View Full Version : Optimization in python or C
aquavitae
November 21st, 2007, 04:09 AM
I've just written a script in python which performs some calculations on each line of a text file containing delimited data. The trouble is the file can contain about 10 million lines, which equates to a running time of about 3hrs on a slow pc (which is where it will probably be running). I profiled the script to get that figure. As I see it there are two options - try to improve the python code to get it to run faster or rewrite it in C.
Assuming I've reduced the number of loops and recursions to a minimum, the questions are:
1) How much of a relative speed increase am I likely to get by using generators, built-in types only, and inline code rather than functions?
2) Am I likely to get a significant speed increase in C?
I suspect the python lists are not nearly as fast as C arrays, so I might get an increase, but I'd like some advice before I rewrite it.
samjh
November 21st, 2007, 07:40 AM
In my own experience, Python lists are around 200 times slower than C arrays. So you probably will achieve very great speed increases using C arrays, as long as the implementation is reasonably efficient.
For your situation with a 10,000,000-line file, you're probably going to run into integer overflow problems if each line is contained within an array element. Beware of this if you're using C, and plan on splitting up the data into multiple arrays. It's a non-issue with Python, however, since Python has built-in support for extremely long integers. But the price of Python's ease of use is its lack of speed. The decision is only yours to make: Python's ease of use but slow speed, or C's difficulty and execution efficiency?
aquavitae
November 21st, 2007, 08:34 AM
Thanks for the info.
How long is a C unsigned long int - I though it was either 4 or 8 bytes depending on architecture? 4b is about 4.3e9 - plenty if I need 1e7.
I think I've optimized the implementation as much as possible and I've only managed to reduce the time by about 25% so I might do it in C. Its starting to look a bit like C code anyway - e.g. keeping track of list sizes separately to reduce len() calls!
smartbei
November 21st, 2007, 08:40 AM
Well, unsigned int is 32bits (4 bytes), that sounds like it will do.
If I am not mistaken on 32bit architectures the long is actually an int. If you need it longer you use long long.
aquavitae
November 21st, 2007, 09:15 AM
Well, unsigned int is 32bits (4 bytes), that sounds like it will do.
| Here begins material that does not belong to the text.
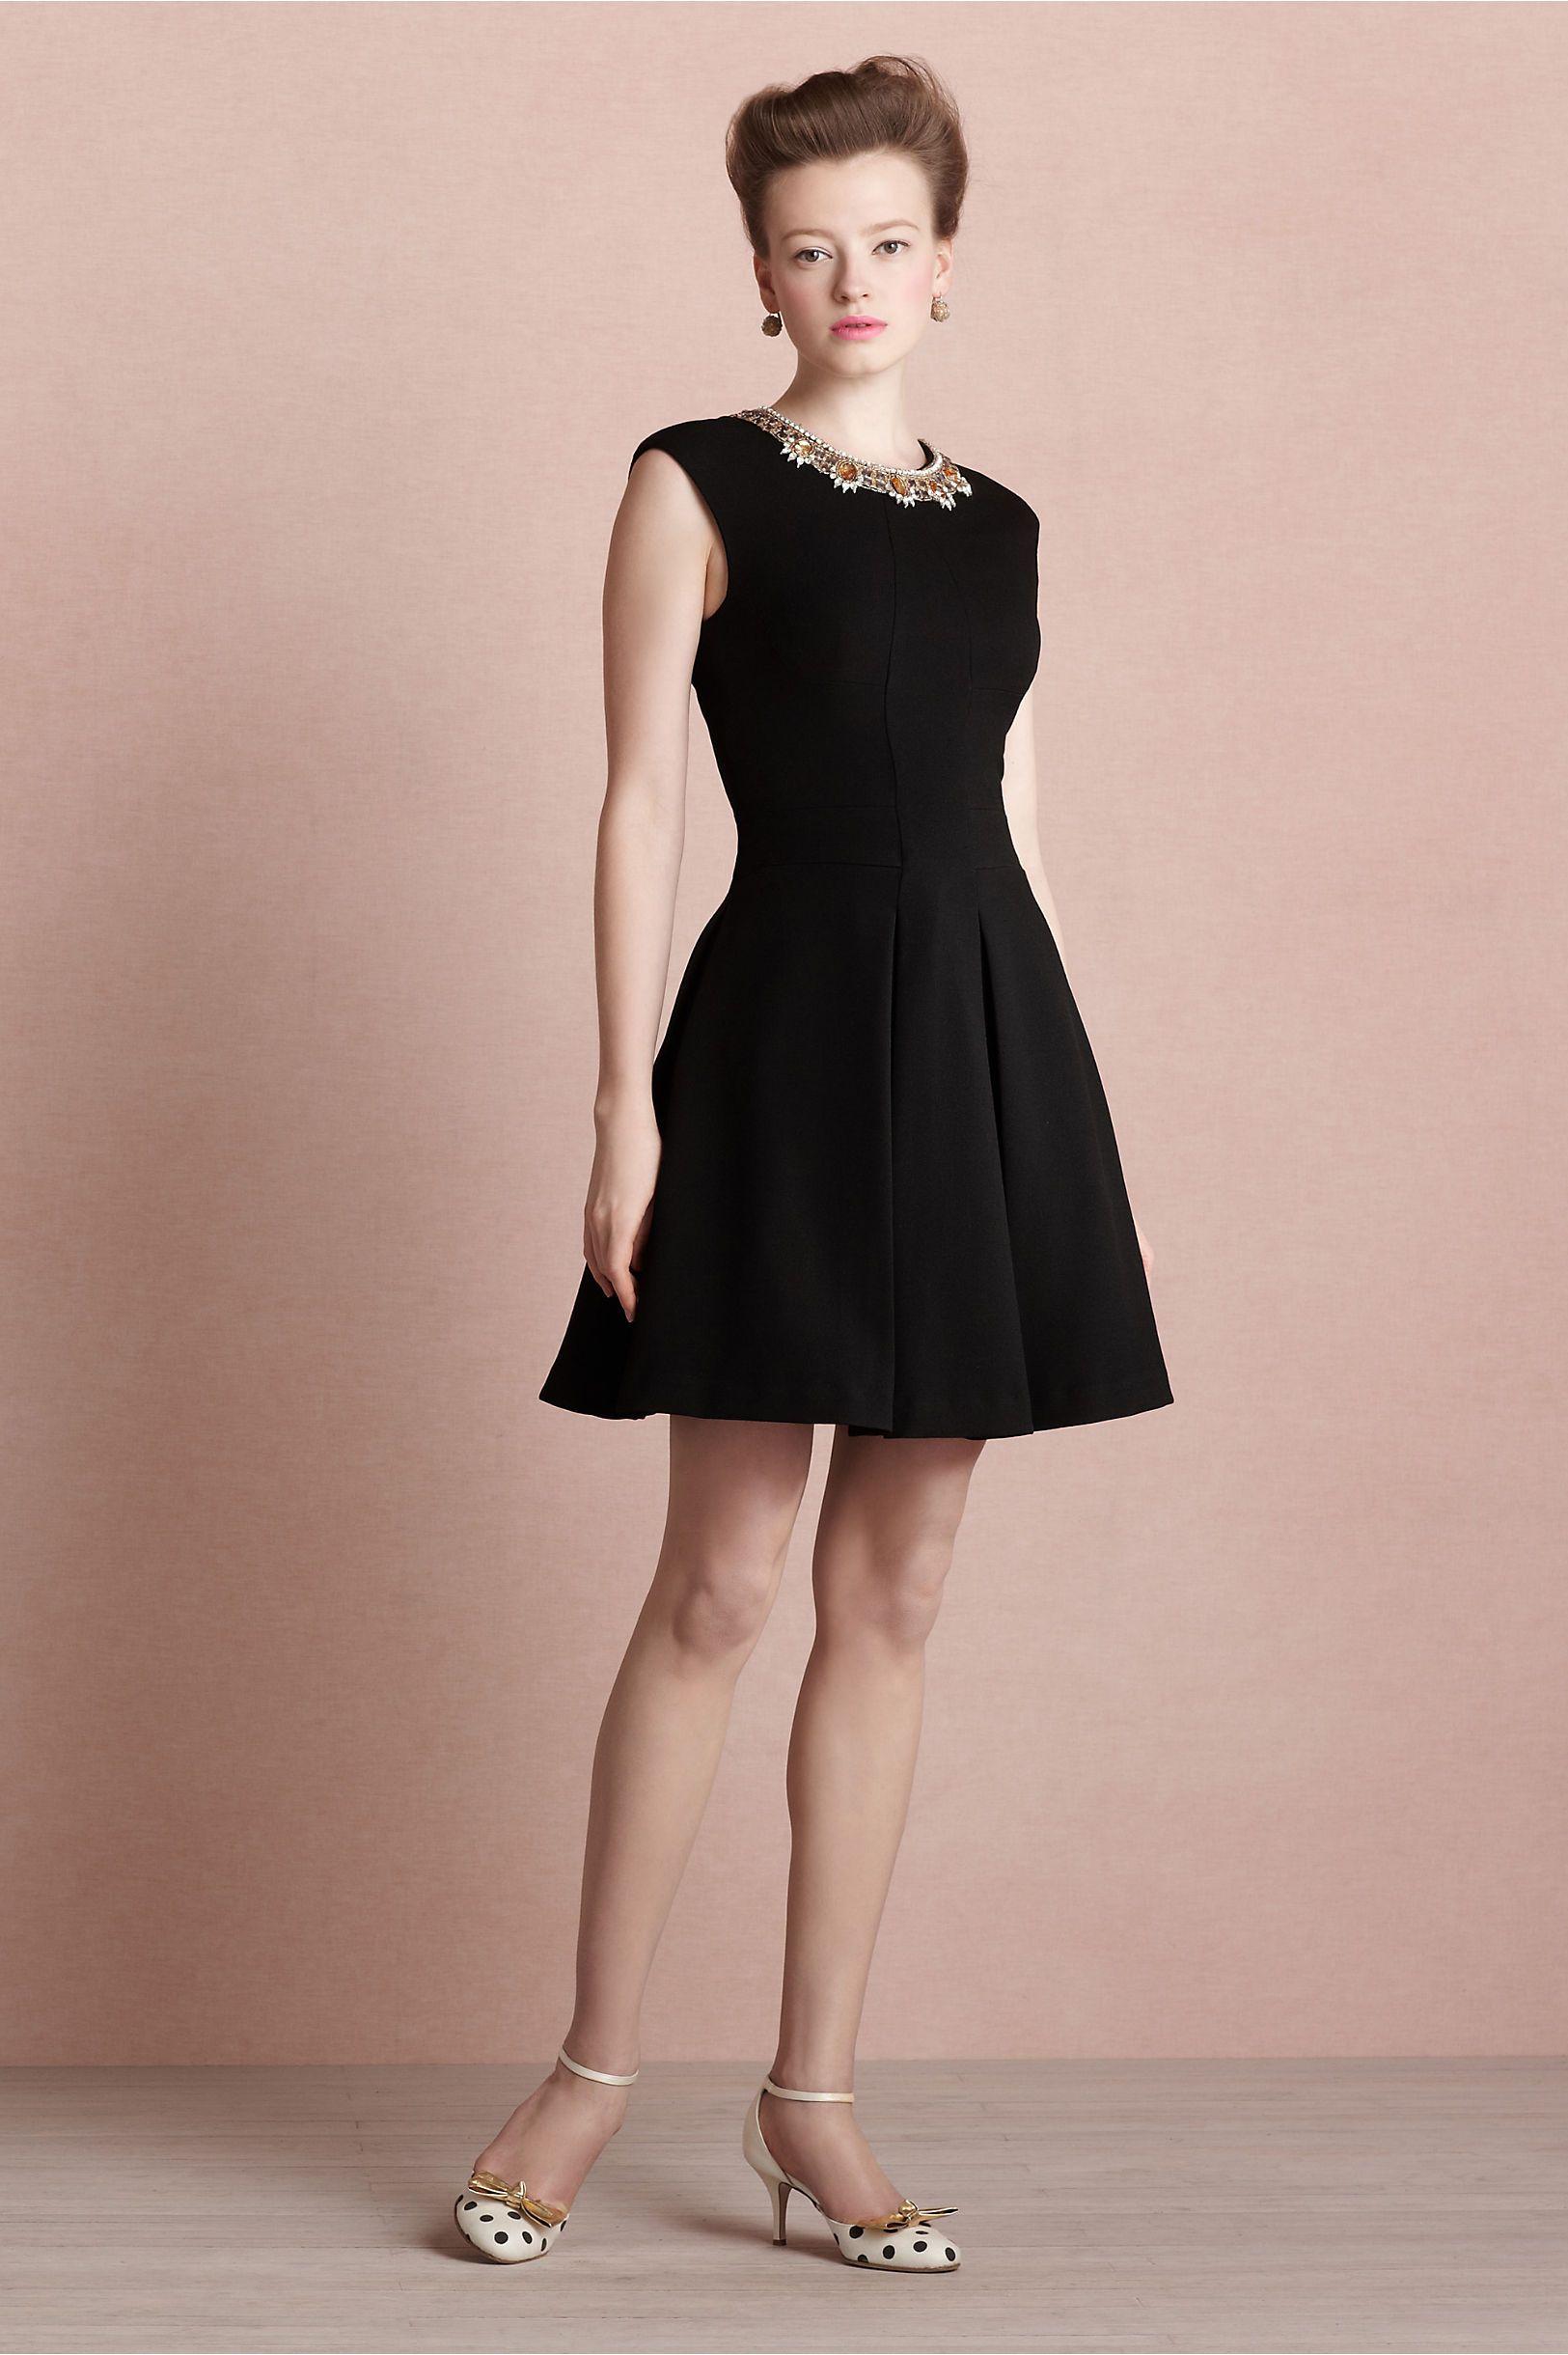 Bijoux Dress | silhouette inspiration | Pinterest | Vestiditos
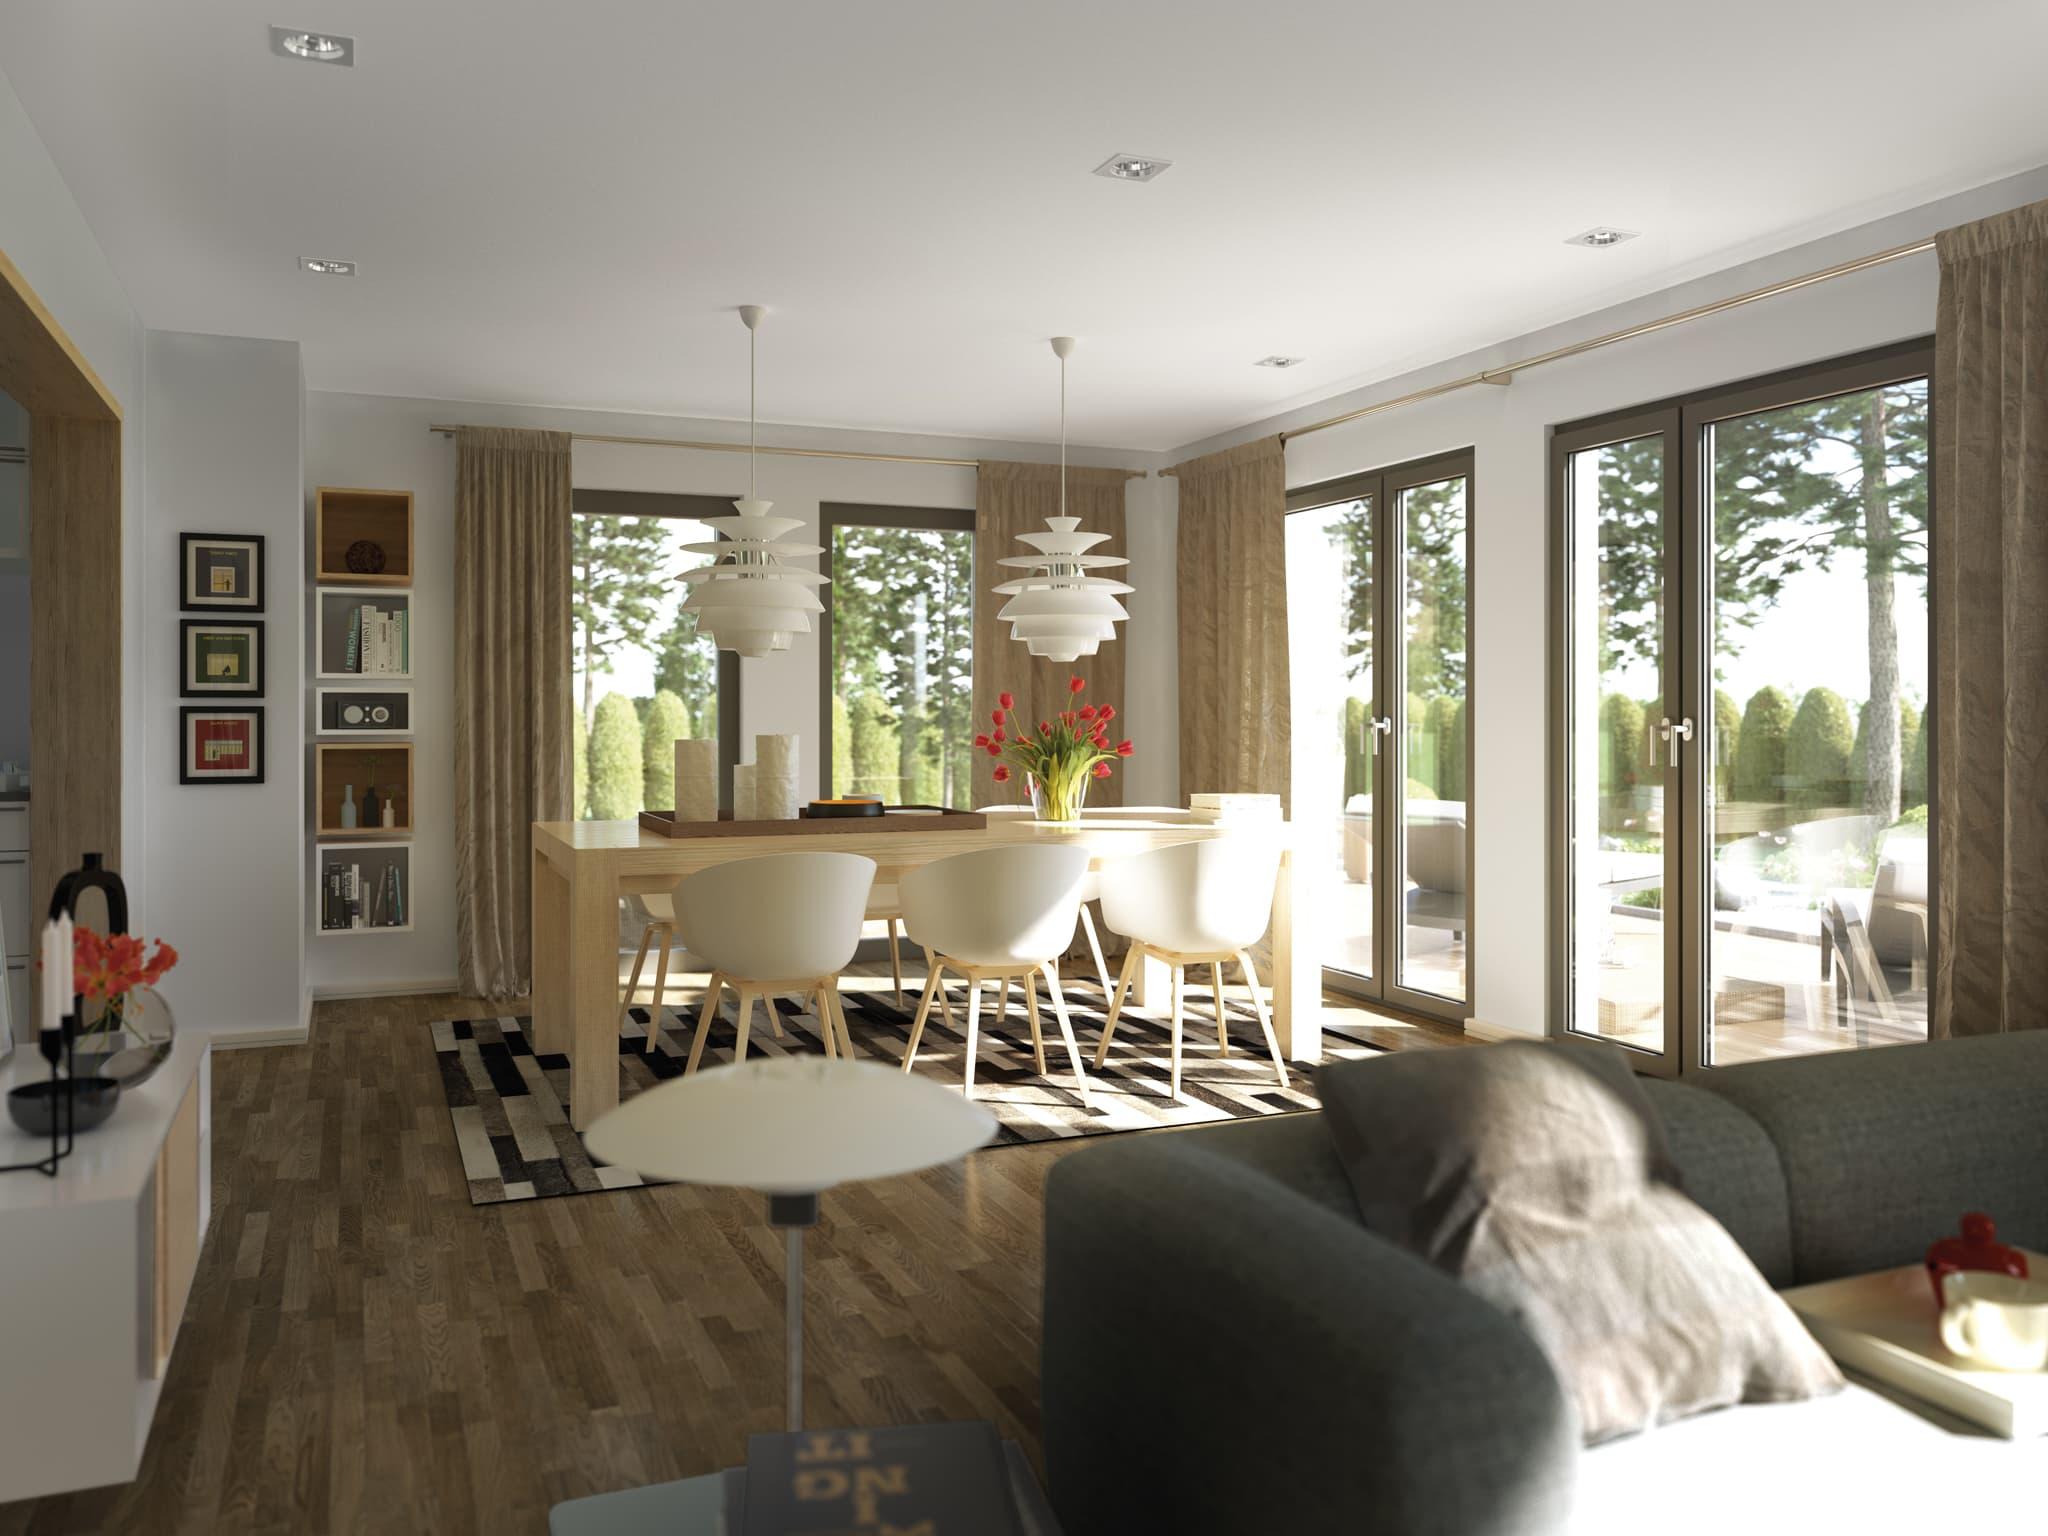 Wohn- Esszimmer Ideen - Einfamilienhaus Inneneinrichtung Fertighaus Living Haus SUNSHINE 125 V7 - HausbauDirekt.de

If I am not mistaken on 32bit architectures the long is actually an int. If you need it longer you use long long.Yes, just found that out from google too. I don't think that will really be a problem - the problem is trying to remember how to code C array, and remembering those damn semicolons!
CptPicard
November 21st, 2007, 06:20 PM
Well.. it depends on your algorithm. What are you doing to your data? Are you being linear in the size of your list... so you just go through the list once, do something pretty simple, and then move on? In that case you probably won't gain much from optimizing your Python code, and need to move to C.
On the other hand, if your algorithm is just plain slow, then it might not be necessary yet...
aquavitae
November 22nd, 2007, 01:06 AM
Well.. it depends on your algorithm. What are you doing to your data? Are you being linear in the size of your list... so you just go through the list once, do something pretty simple, and then move on? In that case you probably won't gain much from optimizing your Python code, and need to move to C.
On the other hand, if your algorithm is just plain slow, then it might not be necessary yet...
Are you saying that iterating through a python list is not much slower than iterating through a python array? I have to go through the list a couple of times. The purpose of the algorithm is to read values logged against time from a file, interpolate between them to get a constant frequency, then run a fast fourier transform. I haven't looked at the fft yet - originally it wasn't part of the script, but it makes sense to put it in now ratehr than export the data to a separate file which then has to be re-read by another program. So (before the fft) that's 3 loops - one to read the data, one to find the optimum frequency, and one to calculate the interpolated values.... Ok, looking at the code again, I think I've got a few more loops than that! And I should be able to combine the first two anyway. Looks like I've found a place to optimize!
CptPicard
November 22nd, 2007, 01:23 AM
If your loops are one after the other, you're still being linear in the size of input :)
But anyway, if you're feeling the heat already for a low multiplier of your n, you'd probably be better off with C as your FFT is going to be O(n log n) and will have bigger constants...
aquavitae
November 22nd, 2007, 01:51 AM
I'm hoping the fft algorithmns in numpy will already be optimized in C... Btw, does anyone know if there's a function in numpy to reduce the data to equal time intervals like I need to do?